1. Amended articles 11, 66, 67, 72, 74, 76, 80, 88, 95, 98, 109, 116, 117, 119, 122, 123, 141A, 147 and 148 of the constitution.
2. Substituted Articles 44, 70, 102, 115 and 124 of the constitution.
3. Amended part III of the constitution out of existence.
4. Altered the Third and Fourth Schedule.
5. Extended the term of the first Jatiya Sangsad.
6. Inserted a new part, VIA in the constitution and.
7. Inserted new articles 73A and 116A in the constitution.
Significant changes included:
- the presidential form of government was introduced replacing the parliamentary system.
- a one-party system in place of a multi-party system was introduced;
- the powers of the Jatiya Sangsad were curtailed;
- the Judiciary lost much of its independence;
- the Supreme Court was deprived of its jurisdiction over the protection and enforcement of fundamental rights.

=== Fifth Amendment ===

The Fifth Amendment Act was passed by the Jatiya Sangsad on 6 April 1979. This Act amended the Fourth Schedule to the constitution by adding a new paragraph 18 thereto, which provided that all amendments, additions, modifications, substitutions and omissions made in the constitution during the period between 15 August 1975 and 9 April 1979 (both days inclusive) by any Proclamation or Proclamation Order of the Martial Law Authorities had been validly made and would not be called in question in or before any court or tribunal or authority on any ground whatsoever.

=== Sixth Amendment ===
This Amendment Act was passed on 10 July 1981.
The Sixth Amendment Act was enacted by the Jatiya Sangsad with a view to amending Articles 51 and 66 of the 1981 constitution.

===Seventh Amendment===
The Seventh Amendment Act was passed on 11 November 1986. It amended Article 96 of the constitution; it also amended the Fourth Schedule to the constitution by inserting a new paragraph 19 thereto, providing among others that all proclamations, proclamation orders, Chief Martial Law Administrator's Orders, Martial Law Regulations, Martial Law Orders, Martial Law Instructions, ordinances and other laws made during the period between 24 March 1982 and 11 November 1986 (both days inclusive) had been validly made, and would not be called in question in or before any court or tribunal or authority on any ground whatsoever. In summary, the amendment protected Hussain Muhammad Ershad and his regime from prosecution for actions taken under the years of military rule, following the 1982 coup d'état until the 1986 presidential election.

=== Eighth Amendment ===
This Amendment Act was passed on 9 June 1988.
The Constitution (Eighth Amendment) Act, 1988 declared, among others, that Islam shall be state religion (Article 2A) and also decentralised the judiciary by setting up six permanent benches of the High Court Division outside Dhaka (Article 100). Anwar Hussain vs. Bangladesh, widely known as the 8th Amendment case, is a famous judgment in the constitutional history of independent Bangladesh.

=== Ninth Amendment ===
This Amendment Act was passed on 11 July 1989.

===Twelfth Amendment===
The Twelfth Amendment Act was passed on 18 September 1991, following a constitutional referendum. It amended Articles 48, 55, 56, 57, 58, 59, 60, 70, 72, 109, 119, 123(1) and (2) 124, 141A and 142, restoring executive powers to the Prime Minister's Office, as per the original 1972 constitution, but which had been held by the President's Office since 1974. Instead, the President became the constitutional head of the state; the Prime Minister became the executive head; the cabinet headed by the Prime Minister became responsible to the Jatiya Sangsad; the post of the Vice President was abolished and the President was required to be elected by the members of the Jatiya Sangsad. Moreover, through Article 59 of the Constitution, this Act ensured the participation of the people's representatives in local government bodies.

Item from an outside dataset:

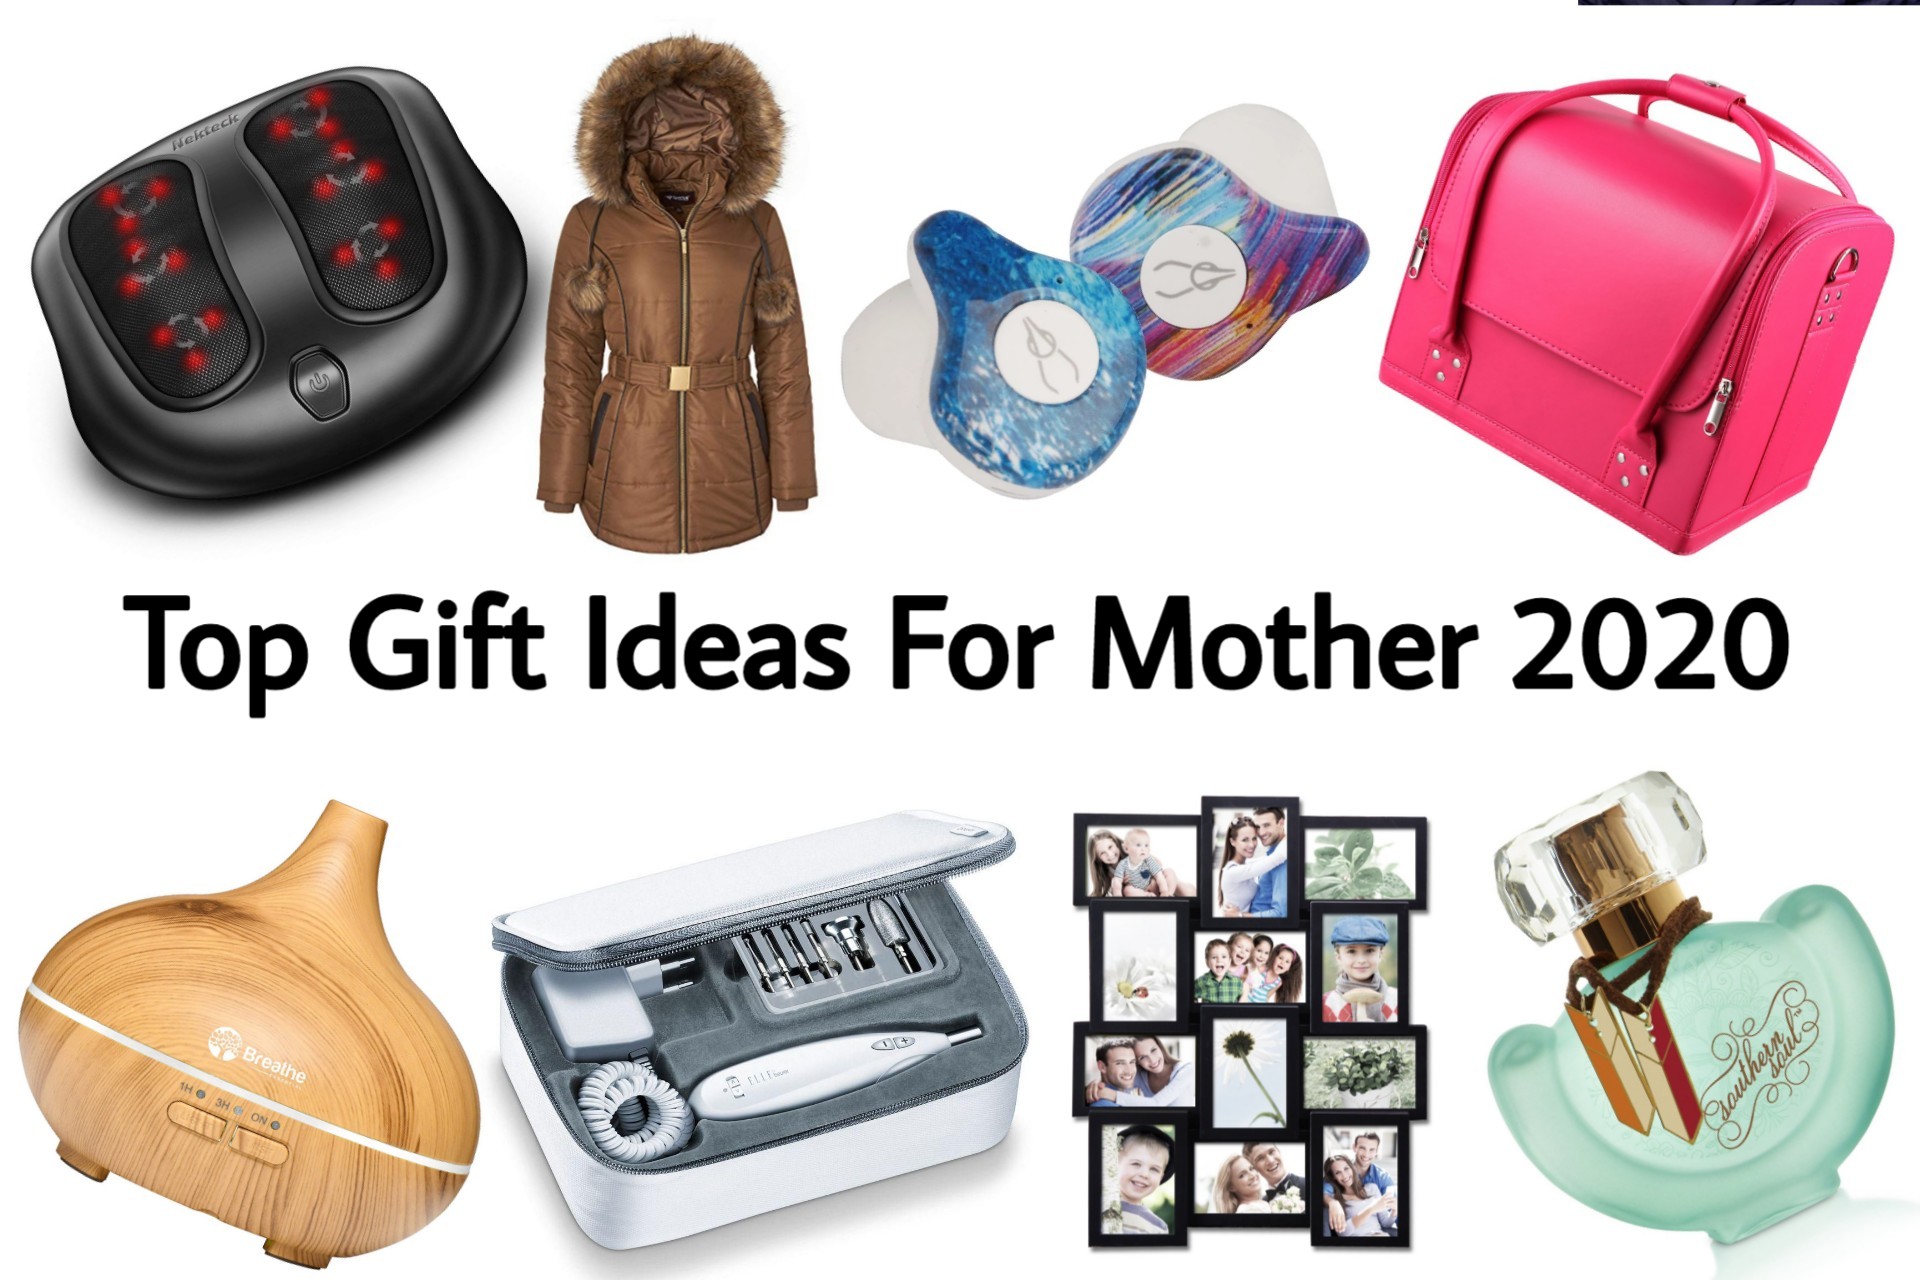 100 Best Christmas Gifts For Mom For 2021 - Prudent Penny Pincher

=== Thirteenth Amendment ===
The Constitution (Thirteenth Amendment) Act, 1996 (28 March) introduced a non-party Caretaker Government (CtG) system which, acting as an interim government, would give all possible aid and assistance to the Election Commission for holding the general election.
It was declared illegal on 10 May 2011 by the Appellate Division of the Supreme Court. Though High Court declared it legal previously on 4 August 2004.

=== Fourteenth Amendment ===
The Fourteenth Amendment was passed on 17 May 2004.The main provision for this amendment is concerned about women in parliament.

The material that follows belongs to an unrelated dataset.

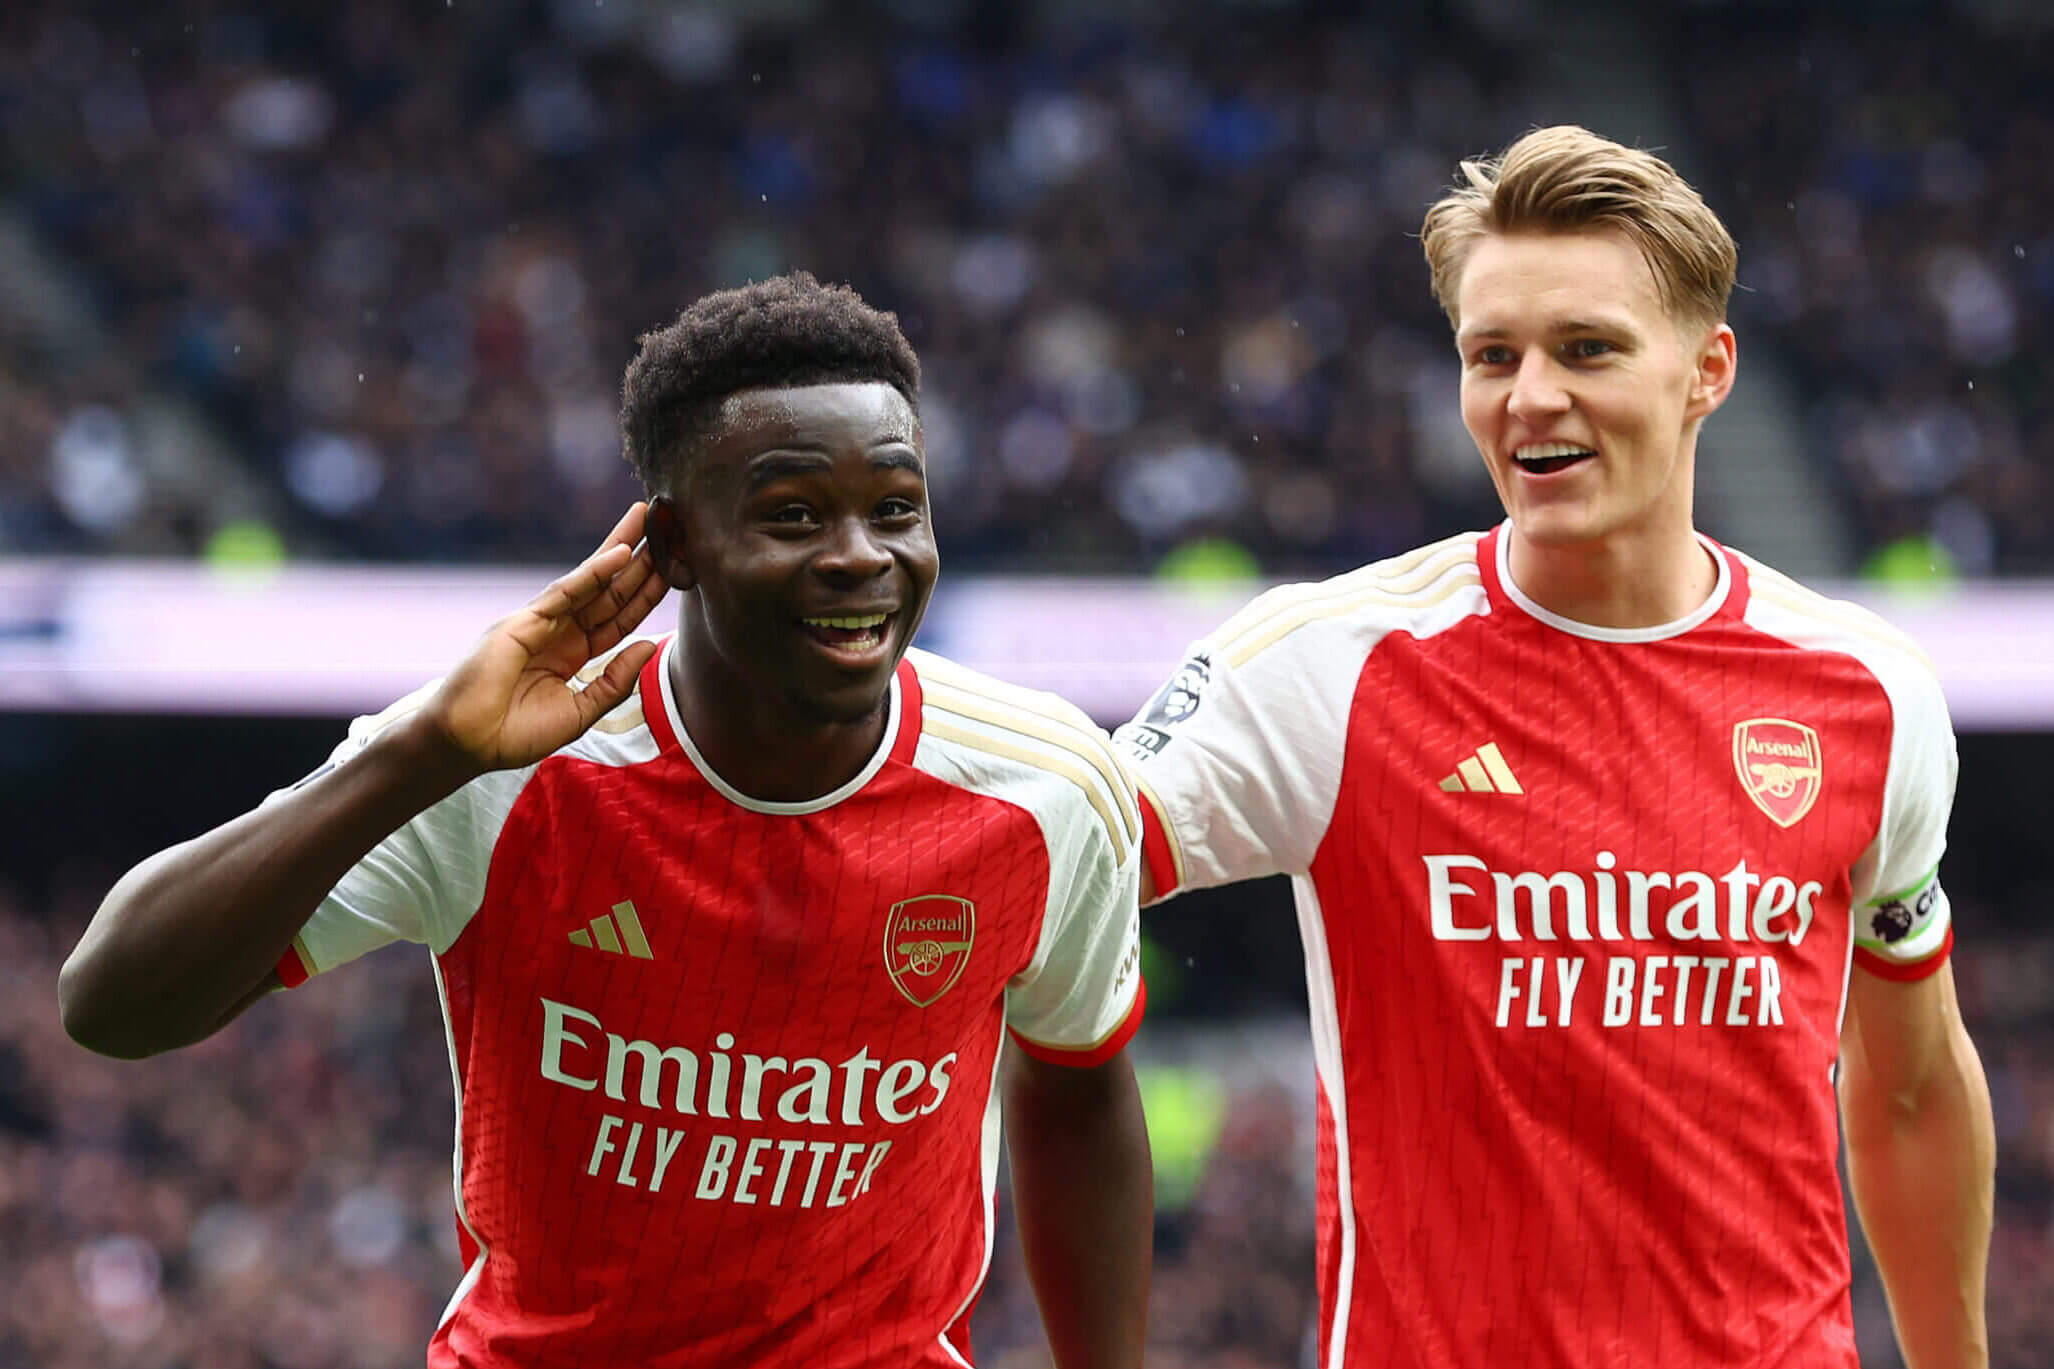 Whichever way you cut it, Arsenal are now elite - here are the numbers to prove it

=== Fifteenth amendment ===

The Fifteenth Amendment was passed on 30 June 2011, making some significant changes to the constitution. The amendment made following changes to the constitution:
- Increased number of women reserve seats to 50 from existing 45.
- After article 7 it inserted articles 7(a) and 7(b) in a bid to end take over of power through extra-constitutional means.
- Restored secularism in its original form.
- Incorporated nationalism, socialism, democracy and secularism as the fundamental principles of the state policy.
- Acknowledged Sheikh Mujibur Rahman as the Father of the Nation.

On 17 December 2024, it was declared partially illegal by the High Court Division of Supreme Court of Bangladesh, restoring the caretaker government and provision for referendums for constitutional amendments.

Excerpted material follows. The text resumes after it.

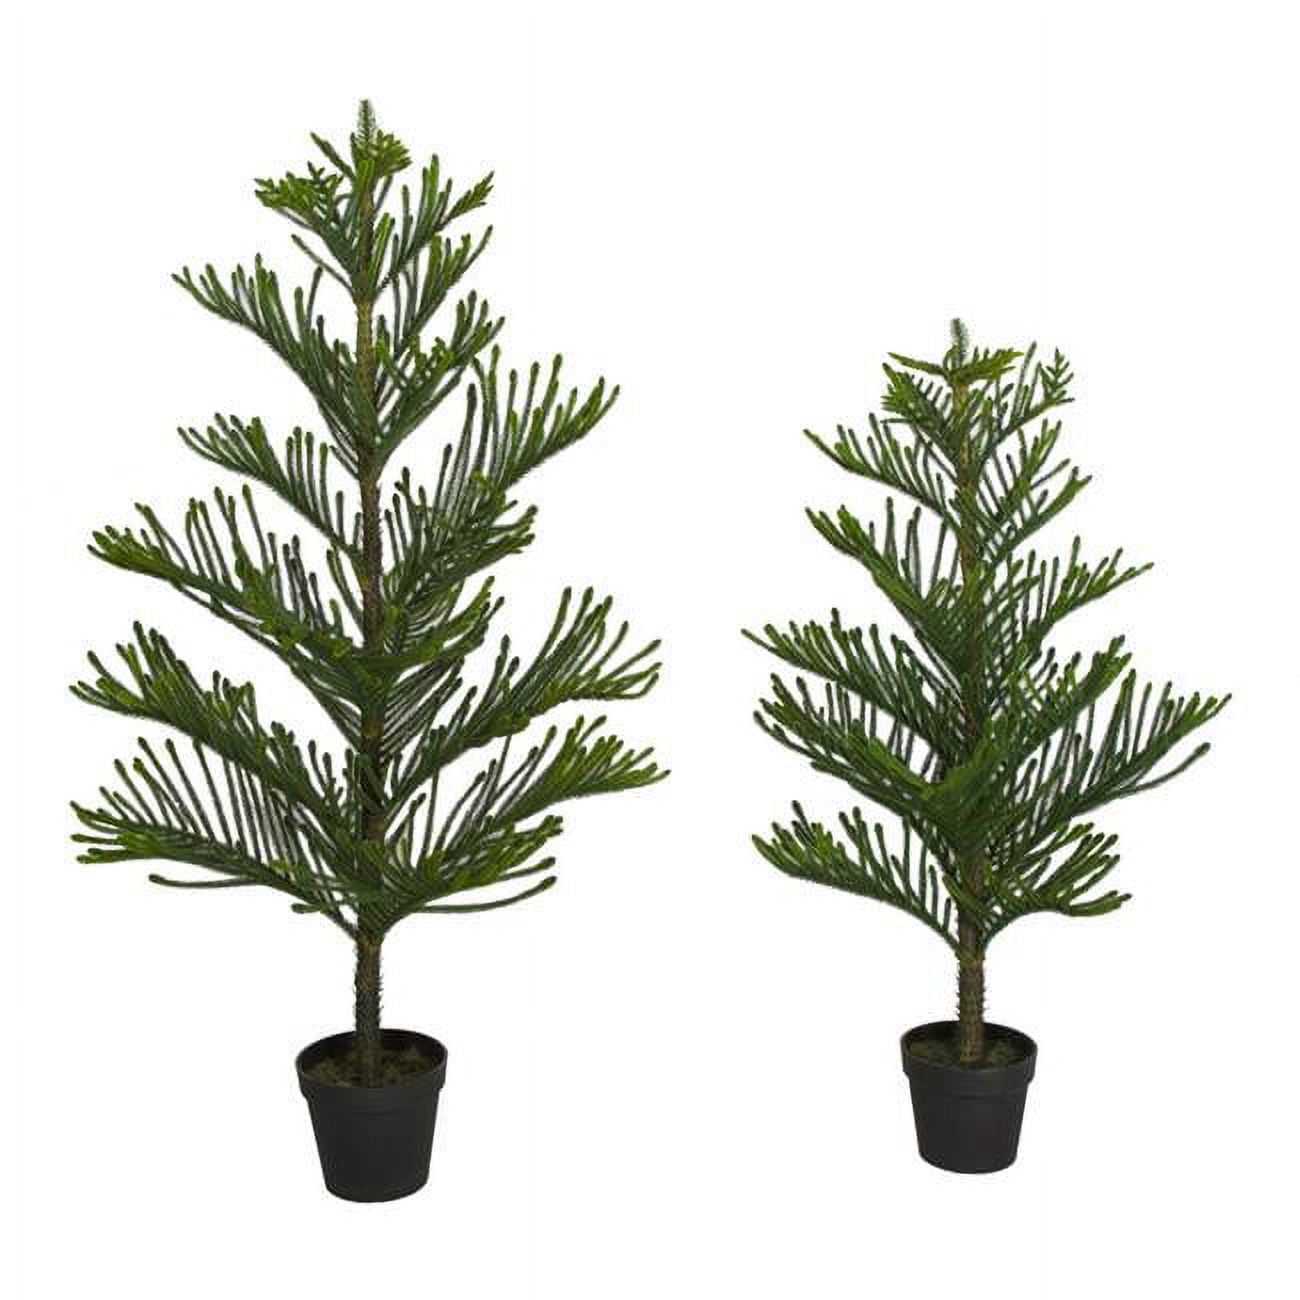 wirlsweal Fake Plants Faux Pine Leaves Christmas Artificial Pine

=== Sixteenth amendment ===
The 16th amendment of the constitution was passed by the parliament on 22 September 2014, which gave power to the Jatiya Sangsad to remove judges if allegations of incapability or misconduct against them are proved. It was a controversial amendment to control the judicial system of the country by the parliament members. On 5 May 2016, the Supreme Court of Bangladesh declared the 16th Amendment illegal and contradictory to the Constitution. The Appellate Division also upheld the verdict. After hearing the review petition on 20 October 2024, the Appellate Division upheld the previous Sixteenth Amendment verdict.

===Seventeenth Amendment===
The 17th amendment of the constitution was passed by the Jatiya Sangsad on 8 July 2018. The amendment extended the tenure of the 50 reserved seats for women for another 25 years.